Когда у «Драгоса» все будки были заняты, я пытал счастье у «Робертса». Там наймом чистильщиков занимался большой желтый негр, которого все звали Большой Джой. Он сам когда-то работал чистильщиком, но теперь выбился в надсмотрщики над рабами. Он снабжал нас зелеными халатами, и, как только появлялся на горизонте, мы должны были особо старательно чистить обувь клиентов длинными мягкими щетками и при этом улыбаться во весь наш белозубый рот. И конечно, нам следовало говорить «сэр» и кланяться независимо от того, получили мы на чай или нет.

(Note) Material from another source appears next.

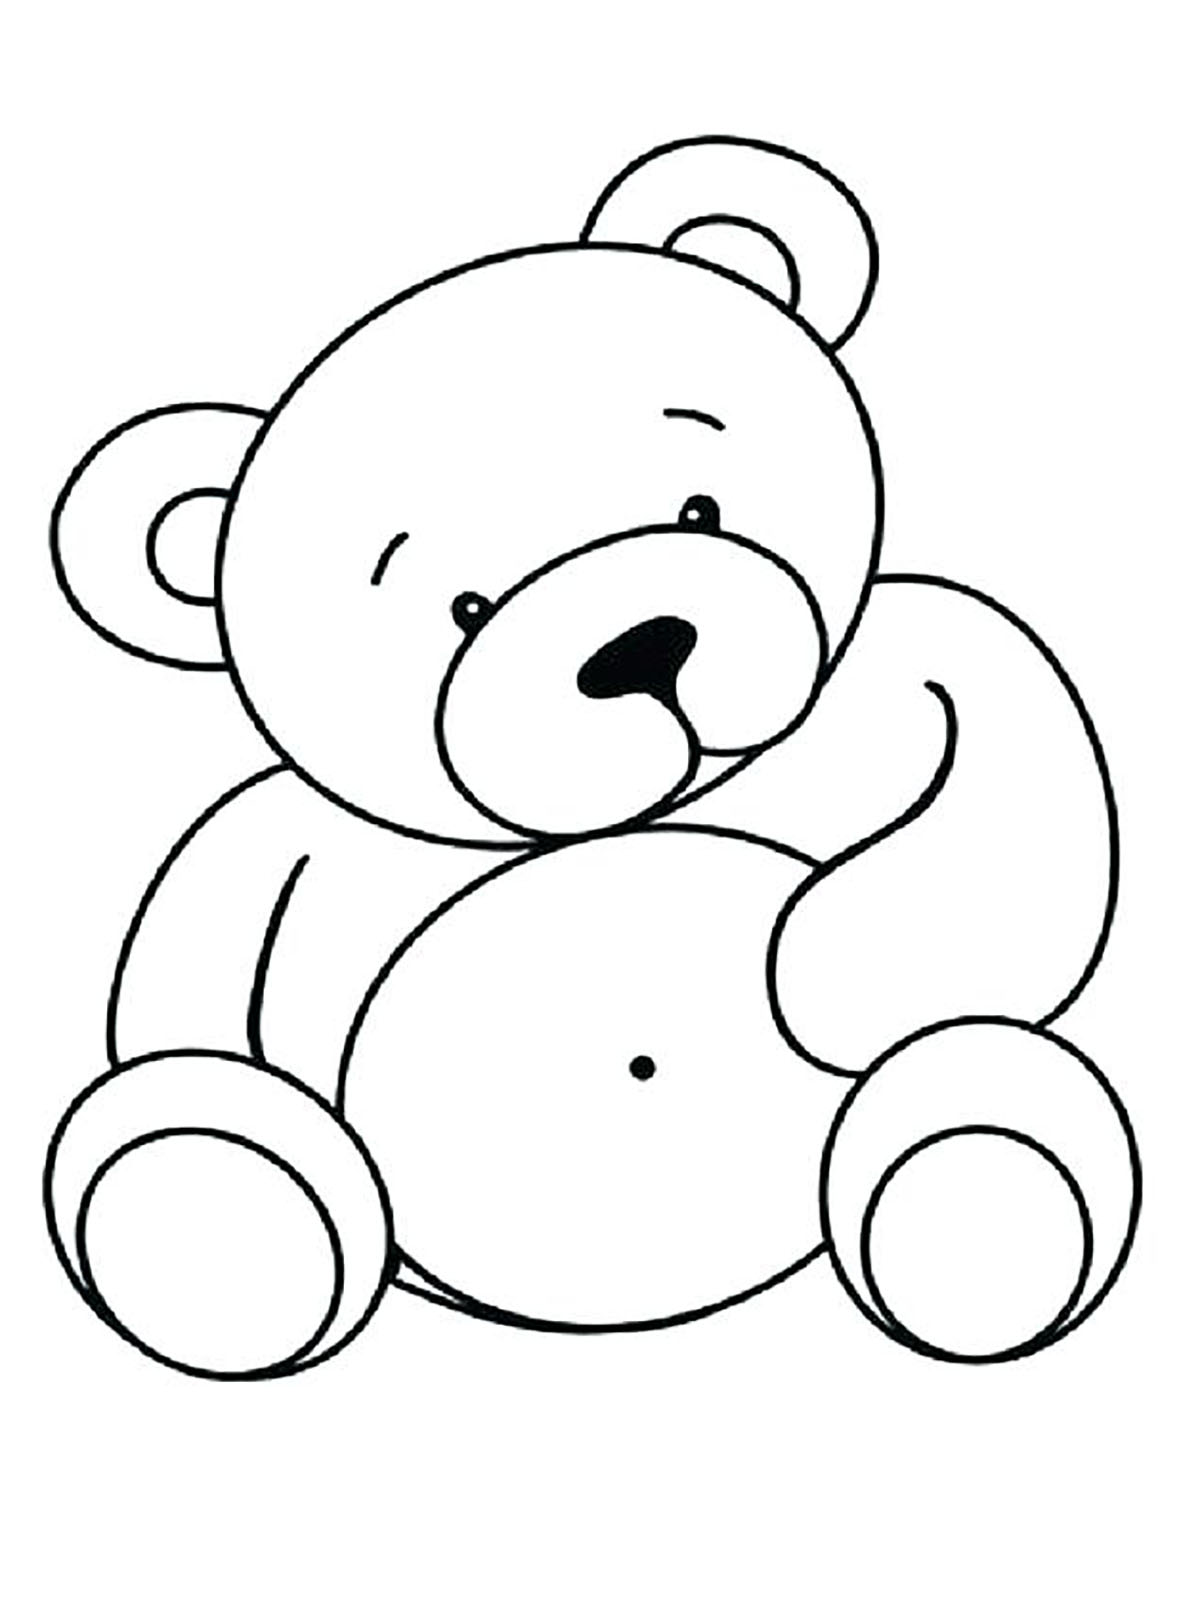 Big bellied bear   Bears Kids Coloring Pages

Контора Большого Джоя помещалась на 34-й улице, и каждое утро около нее толкались отверженные чернокожие. Там я встречал безработных драматических актеров и танцоров, пьяниц и наркоманов, людей, настолько истощенных от голода, что они едва держались на ногах. На той же 34-й улице я познакомился с Товарным Вагоном и Кудрявым.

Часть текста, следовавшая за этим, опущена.